Глаза Валентины Михайловны увлажняются: внуки – больное место.

– Ты думаешь о нашем реноме? Папа высоко взлетел, но ты его можешь очень низко опустить, Марина! Ты его можешь очень низко нагнуть!

– Папа, у тебя есть реноме?

Сергей Юрьевич подмигивает:

– Нету. Зачем мне реноме?

– Опять двадцать пять! Это дом сумасшедших! Ноги здесь моей больше не будет! Два идиота! Два идиота и больше ничего!

Идет к выходу. Возвращается за забытой сумочкой, принюхивается, швыряет на пол.

– Сюда написала кошка! Когда я возвращаюсь домой после вас, из мой сумочки несет мочой!
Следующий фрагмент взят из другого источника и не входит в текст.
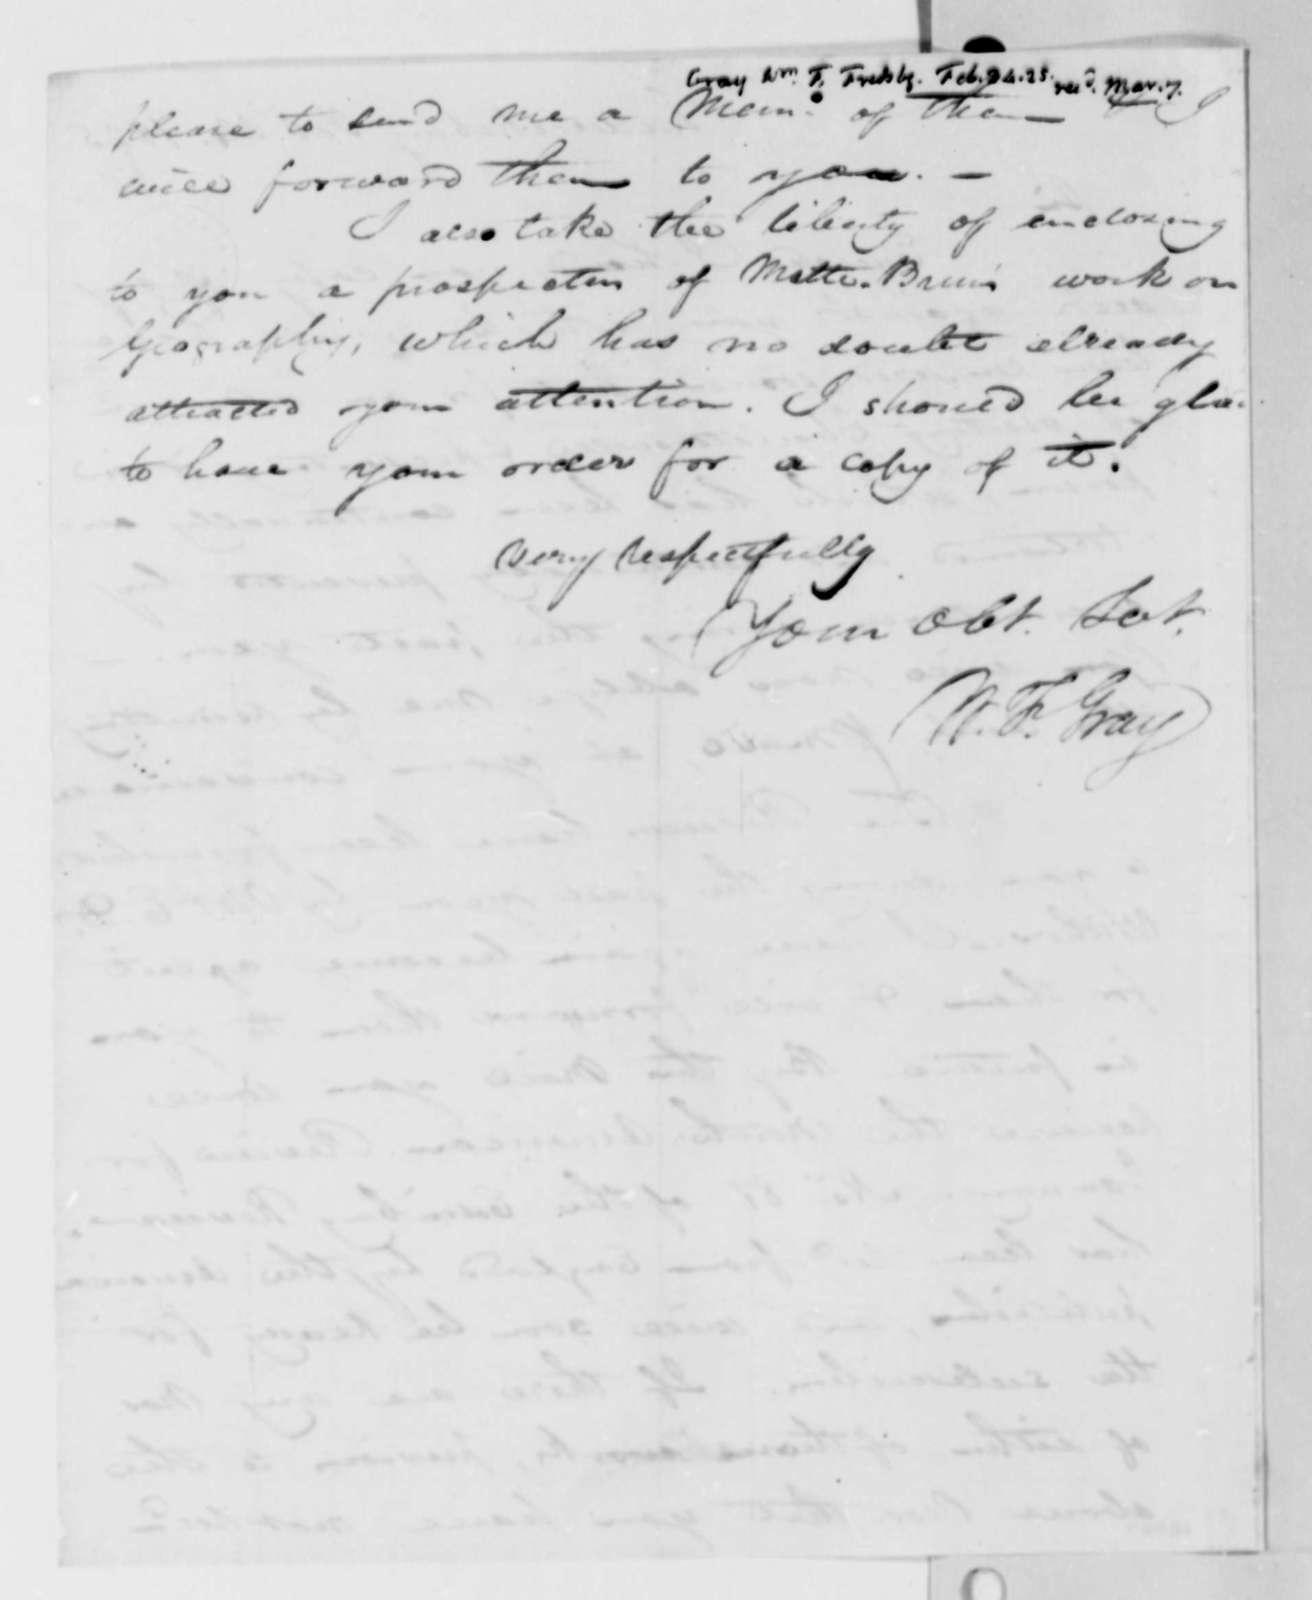 William F. Gray to Thomas Jefferson, February 24, 1825

Вера обычно не очень вежлива:

– Не писала Груша!

– А я говорю написала! Ваша кошка мстит мне! Ваша кошка – мерзавка! Она как торпеда устремляется к моей сумке!

– Не писала Груша!

Валентина Михайловна стучит ногами:

– Писала! Писала!

Вера обреченно сдается:

– Ну хорошо, написала…

Валентина Михайловна подбирает сумочку:

– Так бы и сказала сразу!

В дверях оборачивается.

– Так бы и сказала сразу, нахалка!

Вера злорадно кричит вслед:

– Написала! Написала!

– Ну, конечно! Что еще может произойти в этом идиотском доме? Ничего!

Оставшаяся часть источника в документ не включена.